And somehow, through all of that, Joker still tries to not forget its comic book roots by throwing in links to the Batman mythology. It’s telling though that this latter aspect offers without a doubt the production’s weakest moments because this is a comic book movie unlike any other. Fittingly, the last entry of the genre that comes even remotely close to Joker’s thematic and metaphorical depth is The Dark Knight, Christopher Nolan’s superhero magnum opus that gave us arguably the most iconic rendition of the Joker yet. Does Phoenix’s effort here top that of the late Heath Ledger? Please see above regarding definitive answers.

But please also see this movie. Much has been made about voices on the internet loudly declaring Joker a dangerous call to arms and thus encouraging audiences to not watch it. But it’s precisely because it’s potentially dangerous that we need to see it. That’s how art works.

Beneath all the acrylic paints and sculptors’ clay, art is a gleaming mirror we hold up to ourselves so that we can confront our flaws. Joker is definitely not perfect (which is ironically a perfect thematic fit) and there are many that will see its politics as incitement instead of a cautionary tale (and vice versa). But with it all but impossible to declare which of those viewpoints are correct, it will get us talking and that’s never a bad thing.
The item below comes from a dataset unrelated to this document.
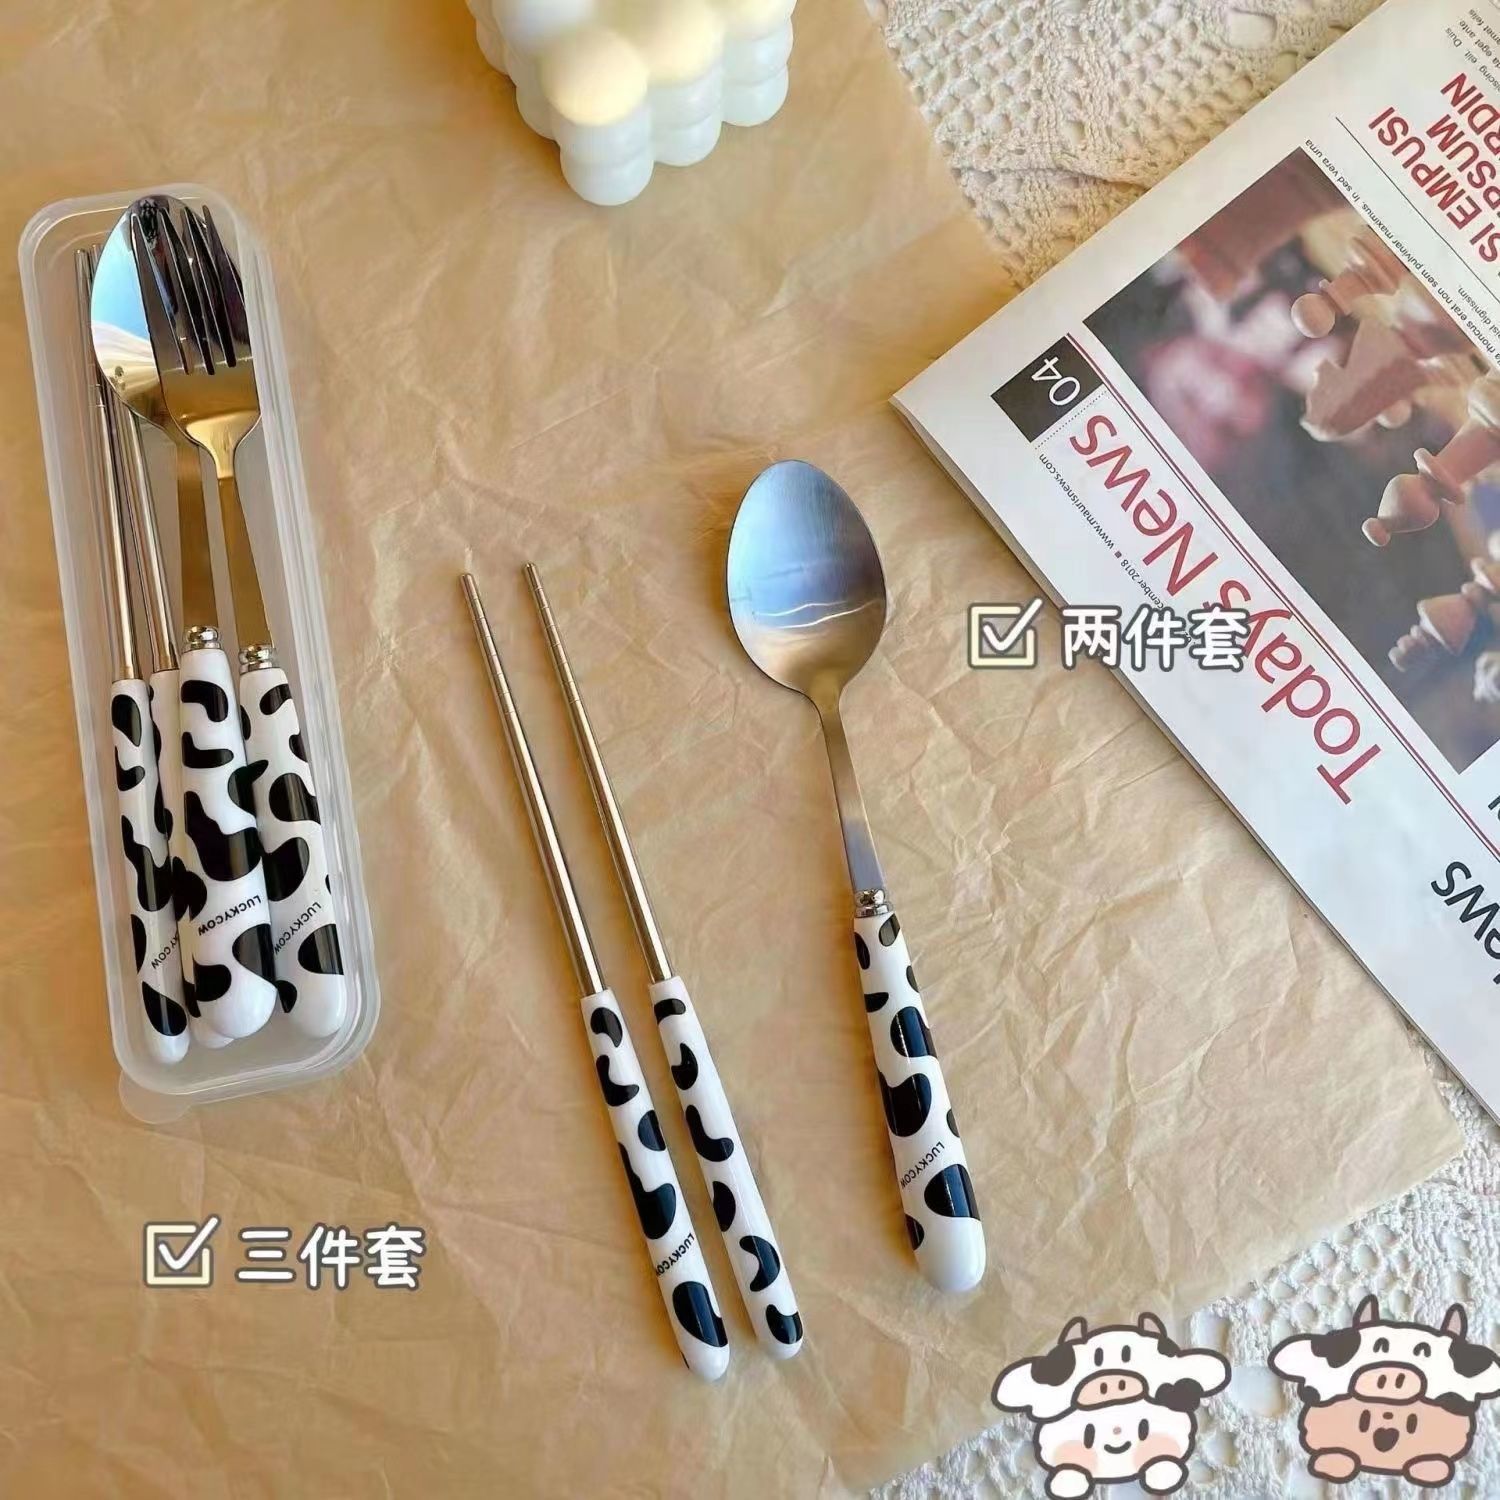 不锈钢勺子叉子筷子三件套儿童卡通网红ing便携式学生韩式餐具

Last Updated: October 7, 2019

Boasting a spine-popping awards-worthy performance from Joaquin Phoenix and revelatory filmmaking from Todd Phillips, Joker is a piece of art. And thus, because it's so subjective in its layering of themes and metaphors, it's art that will not be to everybody's liking. Irrespective of whether you like it or not, you can't deny how masterfully crafted it is.